Вижу, по тротуару под нашими окнами ходит взад-вперед человек с серым кожаным чемоданом, из настоящей кожи. Костюм синий очень хорошо на нем сидит, фигура спортивная, может, немного грузноватая, лицо загорелое, волосы темные, коротко подстрижены. Ходит и на меня искоса посматривает, глаза прищурены, глядит из-под бровей, а брови густые и черные. Явно ждет кого-то. Ну а раз под окнами у нас - значит, кого-то из нашего дома. Интересный мужчина, думаю, такого раз увидишь - не забудешь. Очень, судя по выражению лица, независимый человек, самостоятельный.

Я перестала голову поднимать, а сама угадать стараюсь, кто он такой. То ли известный спортсмен, а может, летчик. Выглядит лет на сорок, но чувствуется, что моложе, - по походке, что ли.

Так он больше часу ходил и папиросу изо рта не вынимал, одну от другой прикуривал. И вот вижу: Игорь из-за угла, с улицы, появился. Увидел этого мужчину с чемоданом, остановился и как закричит:

- Брысь!

Я думала, шутка какая-то, что он пугает кошку. А тот говорит тихо:

- Эсбэ, дорогой, жив-здоров?

Чемодан поставил на тротуар, они с Игорем обнялись, и, вижу, на глазах у брата моего слезы. Потом входят в квартируа Игорь говорит:

- Вот, Оля, это Саша Балакин, мой довоенный друг, бывший Брысь.

Гость поправляет:

- Почему же бывший? Бывшие - это гроши сплывшие. - И прибавляет, на меня внимательно глядя: - Я вас, Оля, знал, когда вам было лет пять. А вы меня не помните?

Я, конечно, не помнила.

- Не то слово - знал! - кричит Игорь. - Скажи лучше: кормил. Всех нас подкармливал.

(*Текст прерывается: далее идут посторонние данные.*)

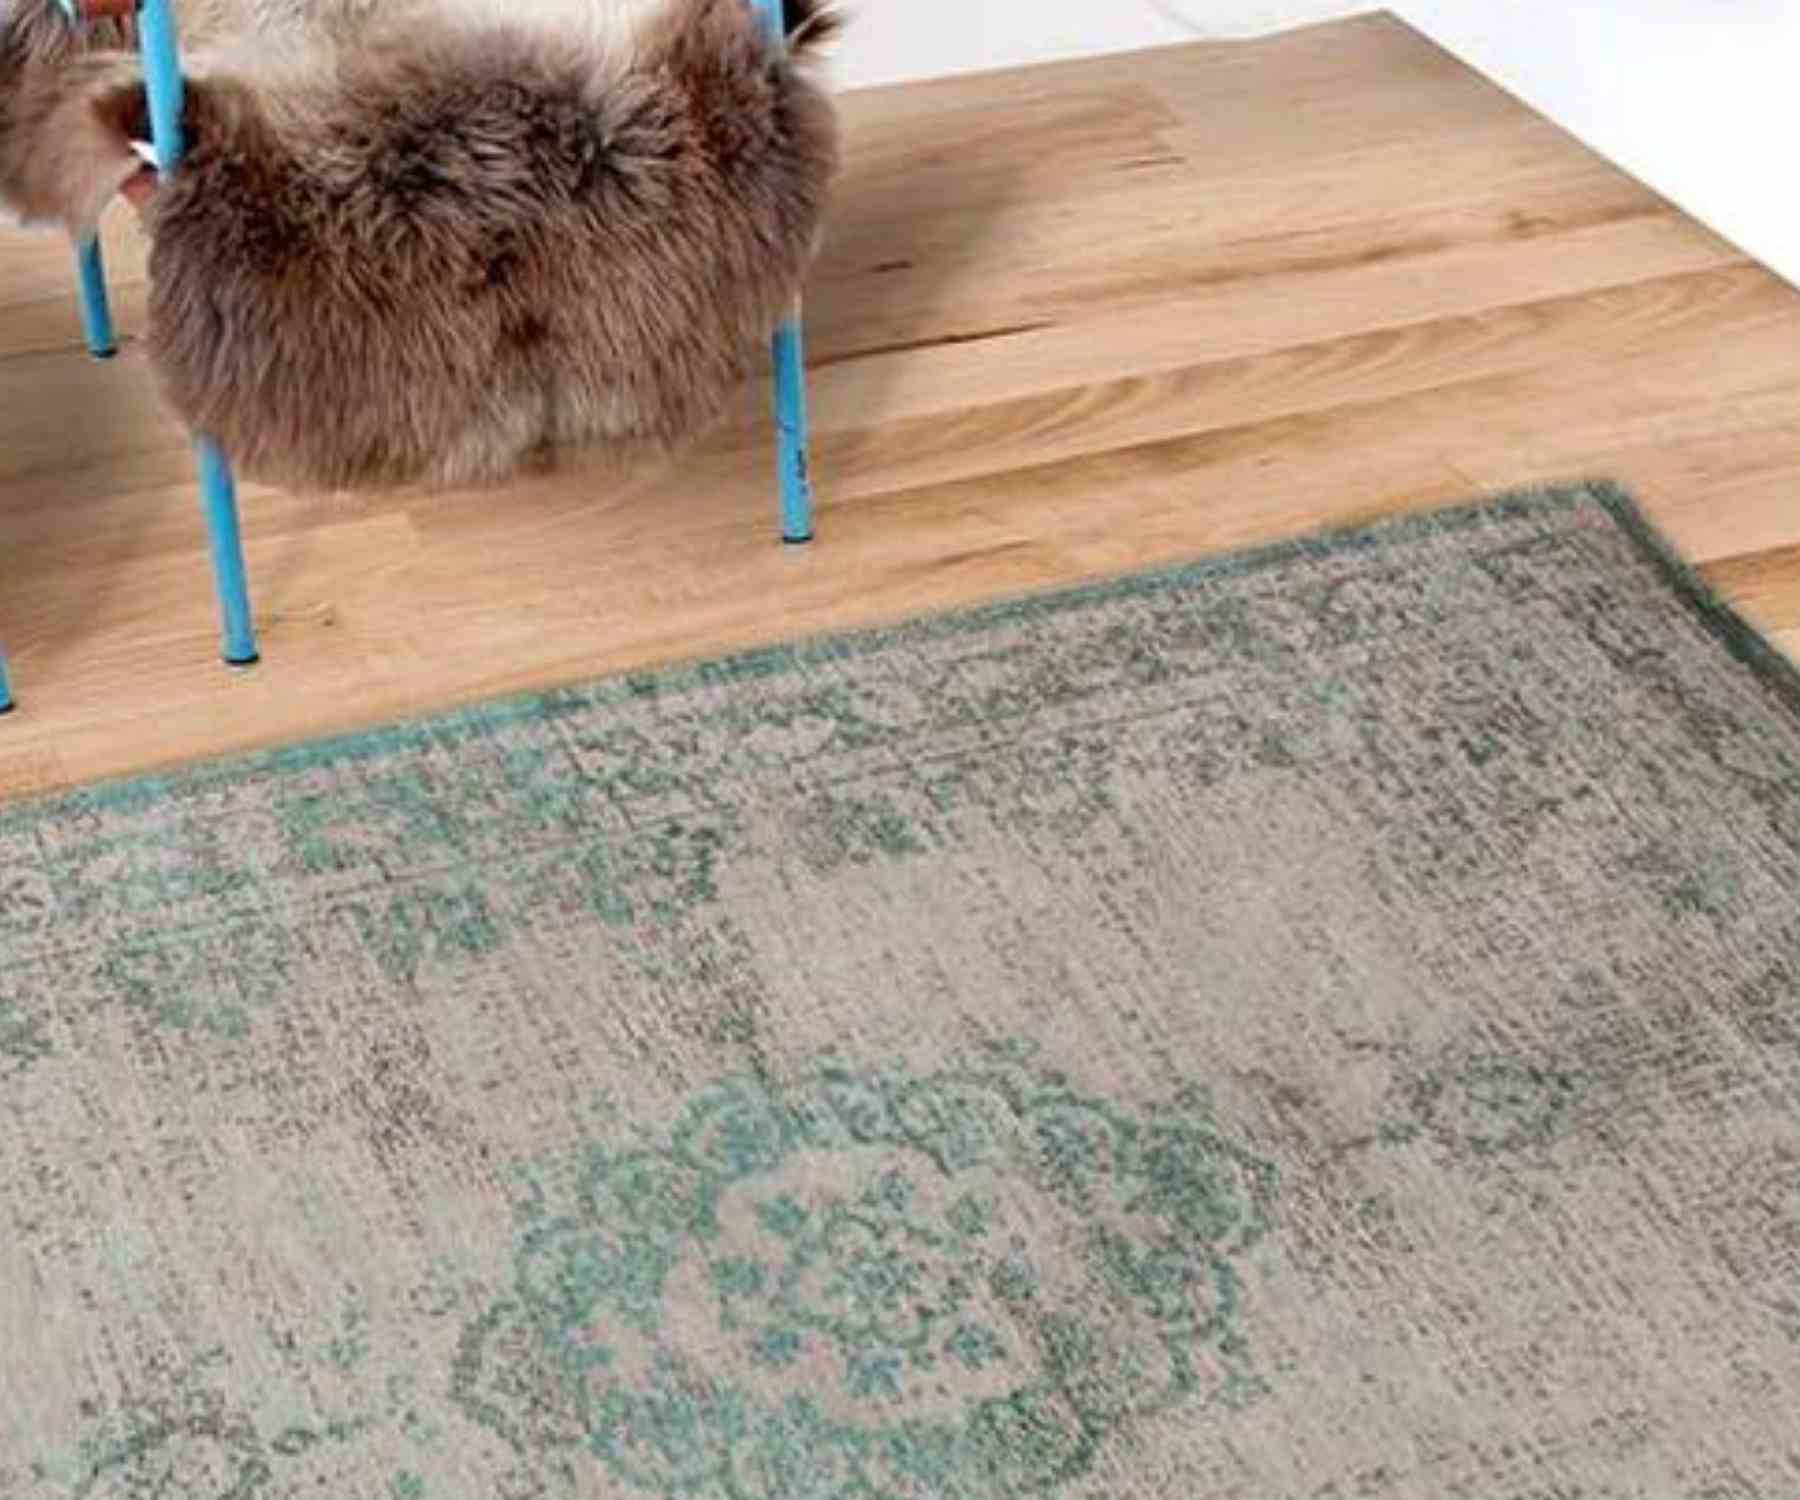 Faded green rug on wooden floor with metal chair and fur throw

А потом Игорь позвал из кухни Матрену и опять кричит так - ничего подобного с ним раньше не бывало:

- Помнишь, Матренушка, Сашу Балакина, Брыся? Матрена тогда уж видеть плохо стала, шить и штопать совсем не могла, но Сашу узнала.

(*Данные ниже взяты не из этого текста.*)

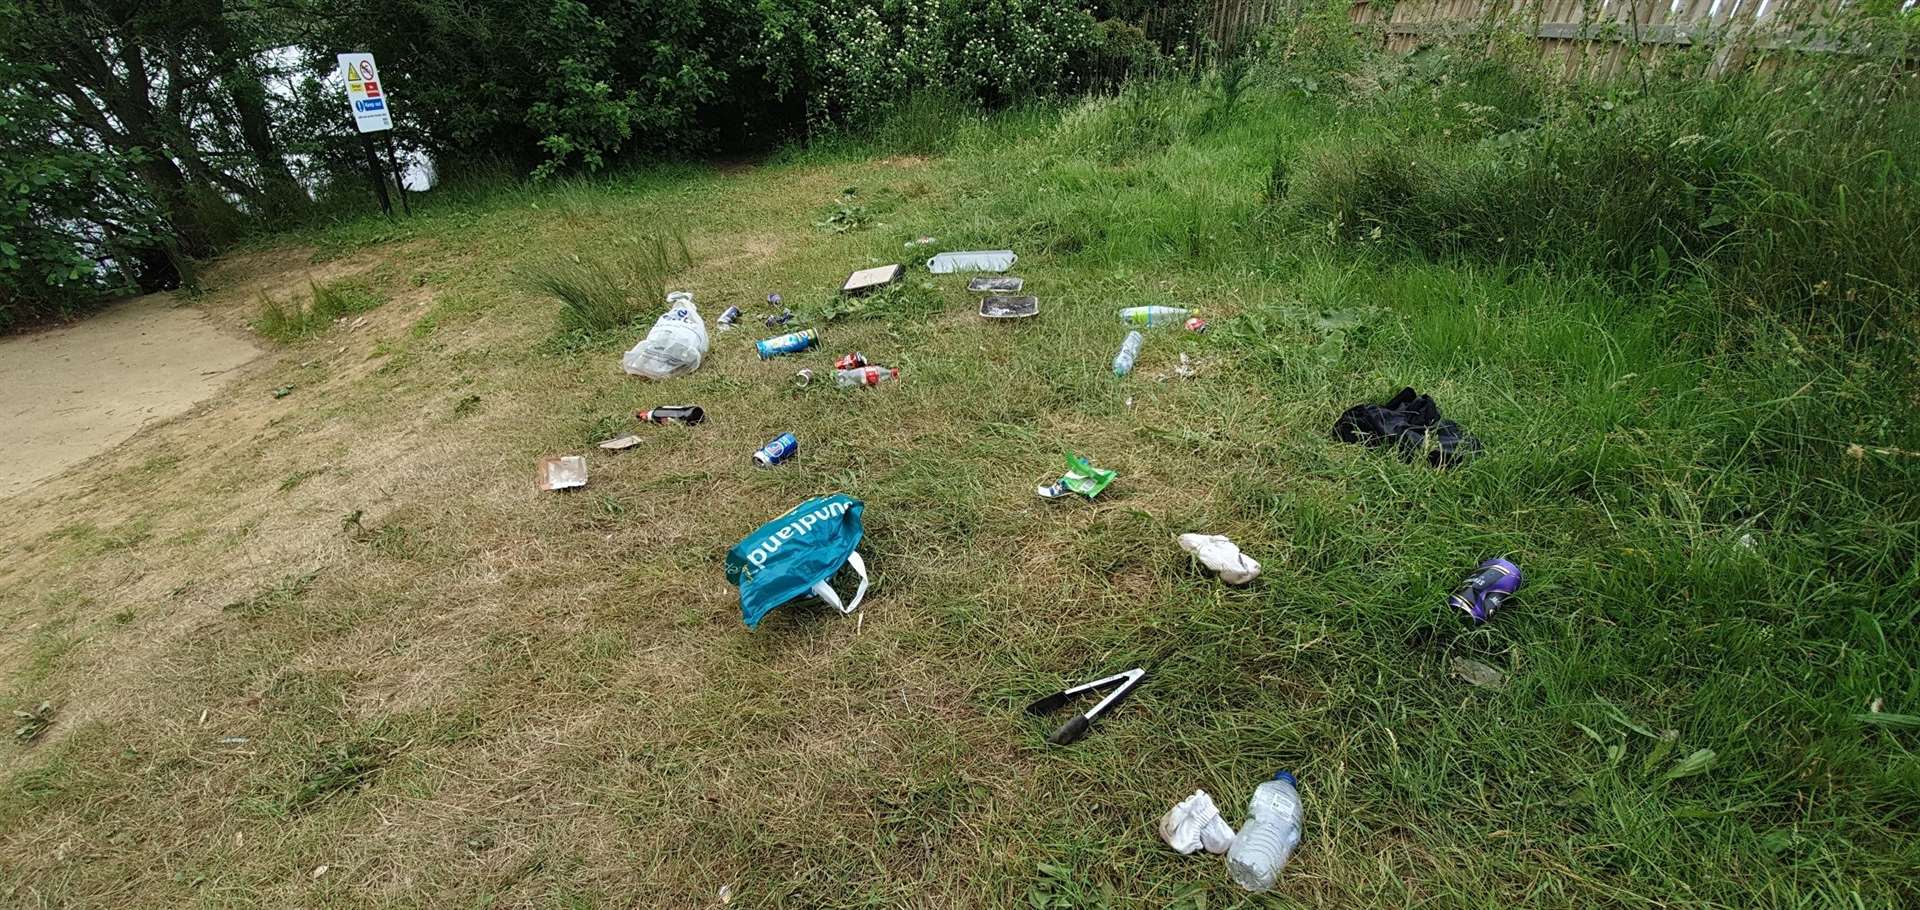 Rubbish strewn across the grass at Leybourne Lakes in Snodland. Picture: Tonbridge and Malling Borough Council

- Вон какой ладный вырос, - говорит. - Озоруешь все аль бросил? Он смеется.

- Бросил, Матрена, Вот деньжата завелись, надо им глазки протереть.

- Кабы не помереть, - Матрена говорит. Она любила в рифму отвечать.

- Ничего, мы культурно. Я культуры нахватался, как бобик блох.

У меня тогда мелькнуло в голове, что не идет Саше такое балагурство. Не то чтобы он развязно себя вел, но как-то раздваивалось впечатление. Будто в нем, как в футляре, сидел другой человек.

А он на меня посмотрел и вдруг говорит:

- Извините за бобика, Оля. Больше не буду.

Я была поражена: как он мог так точно и быстро прочитать мои мысли? И сразу такое ощущение, что нет от него у меня никаких тайн. Я уже много позже поняла, что он был очень наблюдательный и даже проницательный человек, а это дается только большим опытом жизни. А тогда, несмотря на мое высшее педагогическое образование, он представлялся мне колдуном или, может быть, гипнотизером. Тем более что благодаря сказкам Матрены я с детства брала в расчет колдунов при всяком удобном случае. Напрашивается сказать, что я была им околдована с первой встречи.

Игорь спрашивает:

- Ты к нам?

- Если можно, - отвечает Саша. - Думал, дядя приютит, да он, говорят, помер. В квартире там другая семья...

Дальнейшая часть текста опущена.